I’m working with OpenAI’s real-time voice API (gpt-4o-realtime-preview-2024-12-17) in my React app and having trouble getting the text and audio to stay in sync. The transcribed text either shows up too early or the audio plays with a lag.
My setup:
- Using WebSockets for streaming audio to OpenAI
- RealtimeClient handles the API communication
- AudioRecorder and AudioPlayer manage the streaming (16bitPCM format)

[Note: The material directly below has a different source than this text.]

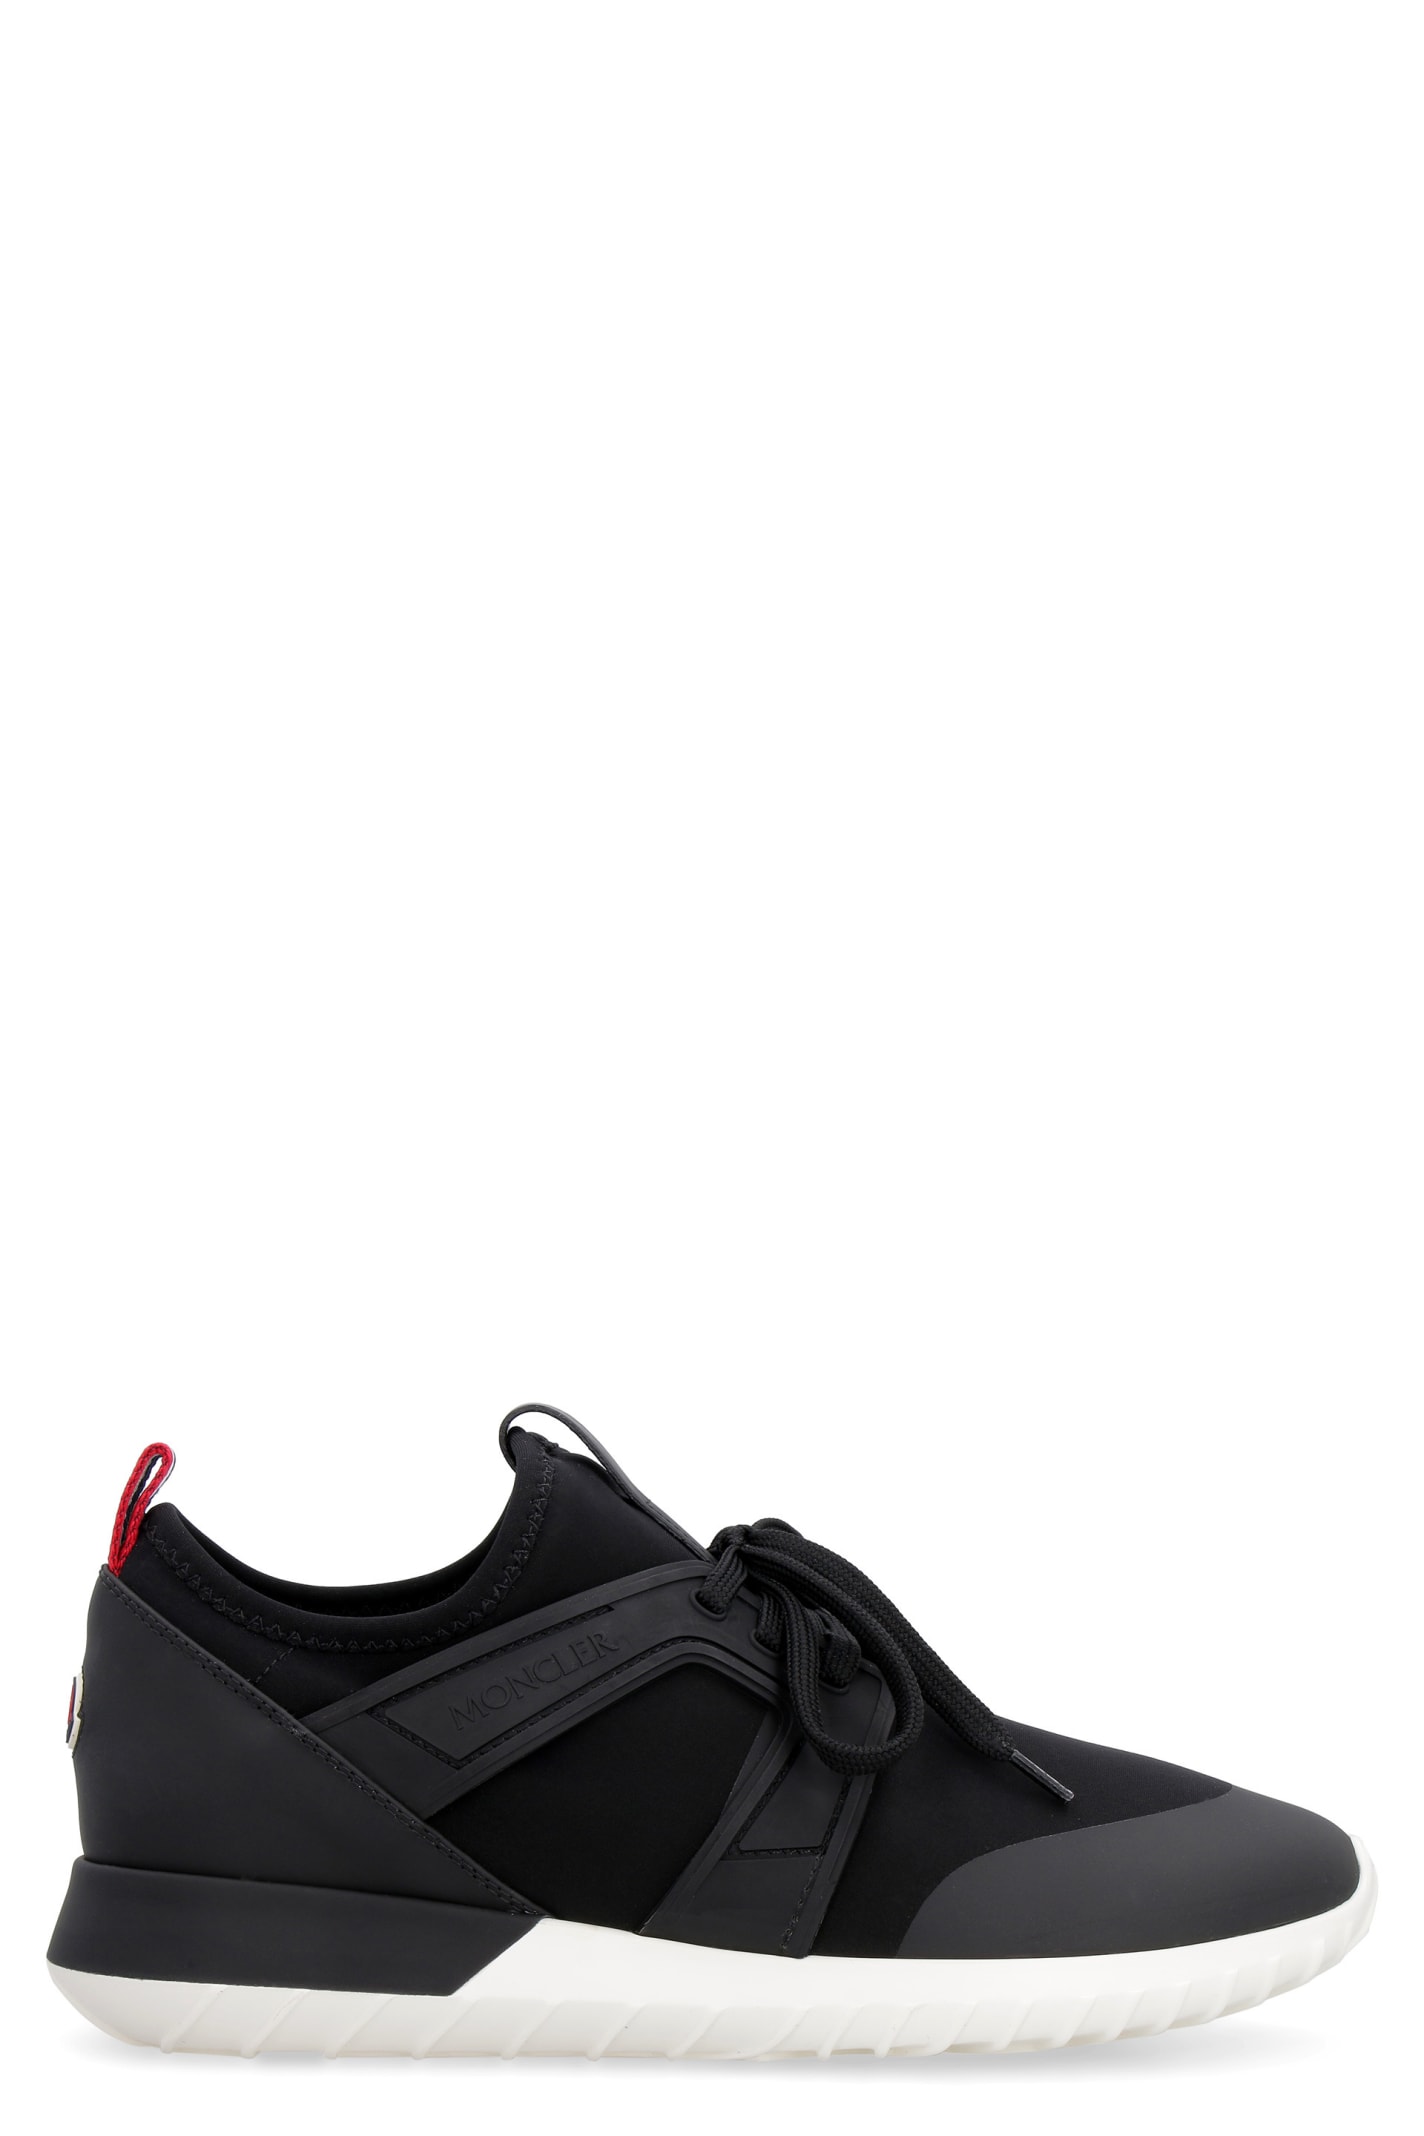 Moncler Meline Techno Fabric And Leather Sneakers

- Text updates happen as responses come in
Here’s how I connect to the API:
const startConnection = useCallback(async () => {
const apiClient = clientRef.current;
const audioRec = audioRecorderRef.current;
const audioPlay = audioPlayerRef.current;
await audioRec.start();
await audioPlay.initialize();
try {
const result = await apiClient.connect();
if (result) {
setIsConnecting(false);
apiClient.sendMessage([{ type: "input_text", text: "Hi there!" }]);
if (apiClient.getDetectionMode() === "server_vad") {
await audioRec.startRecording((audioData) => apiClient.addAudioInput(audioData.mono));
}
}
} catch (err) {
console.error("Connection failed:", err);
}
}, []);
And here’s how I handle responses:
apiClient.on("conversation.updated", async ({ message, changes }) => {
if (message.role === "assistant" && changes?.audio) {
audioPlayer.addPCMData(changes.audio, message.id);
displayTextRef.current = message.formatted.transcript;
} else if (changes?.text) {
displayTextRef.current = message.formatted.transcript;
}
if (message.status === "completed" && message.formatted.audio?.length) {
const audioBlob = await AudioRecorder.convertToWav(message.formatted.audio, 24000, 24000);
setPlaybackUrl(audioBlob.url);
}
});
The main issue:
I can’t get the text to scroll smoothly with the audio. I’m trying to scroll based on 150 words per minute:
const animateTextScroll = () => {
if (!textContainerRef.current) return;
const textBox = textContainerRef.current;
const now = Date.now();
const timeElapsed = now - animationStartRef.current;
const totalDuration = calculateScrollTime(displayText);
if (timeElapsed >= totalDuration) {
textBox.scrollTop = textBox.scrollHeight - textBox.clientHeight;
return;
}
const scrollProgress = timeElapsed / totalDuration;
const maxScroll = textBox.scrollHeight - textBox.clientHeight;
const smoothEasing = (t) => t < 0.5 ? 2 * t * t : 1 - Math.pow(-2 * t + 2, 2) / 2;
textBox.scrollTop = maxScroll * smoothEasing(scrollProgress);
requestAnimationFrame(animateTextScroll);
};
What I’ve tried:
- Converting the PCM data to playable audio but it takes too long and causes sync issues
- Using a fixed 150 WPM calculation but it doesn’t work well for longer responses since speaking speed varies
const avgWordsPerMin = 150;
const wordCount = displayText.split(" ").length;
return (wordCount / avgWordsPerMin) * 60 * 1000;
How can I get the text scrolling to match the actual audio playback timing? Are there any libraries or techniques that work well for this kind of real-time sync?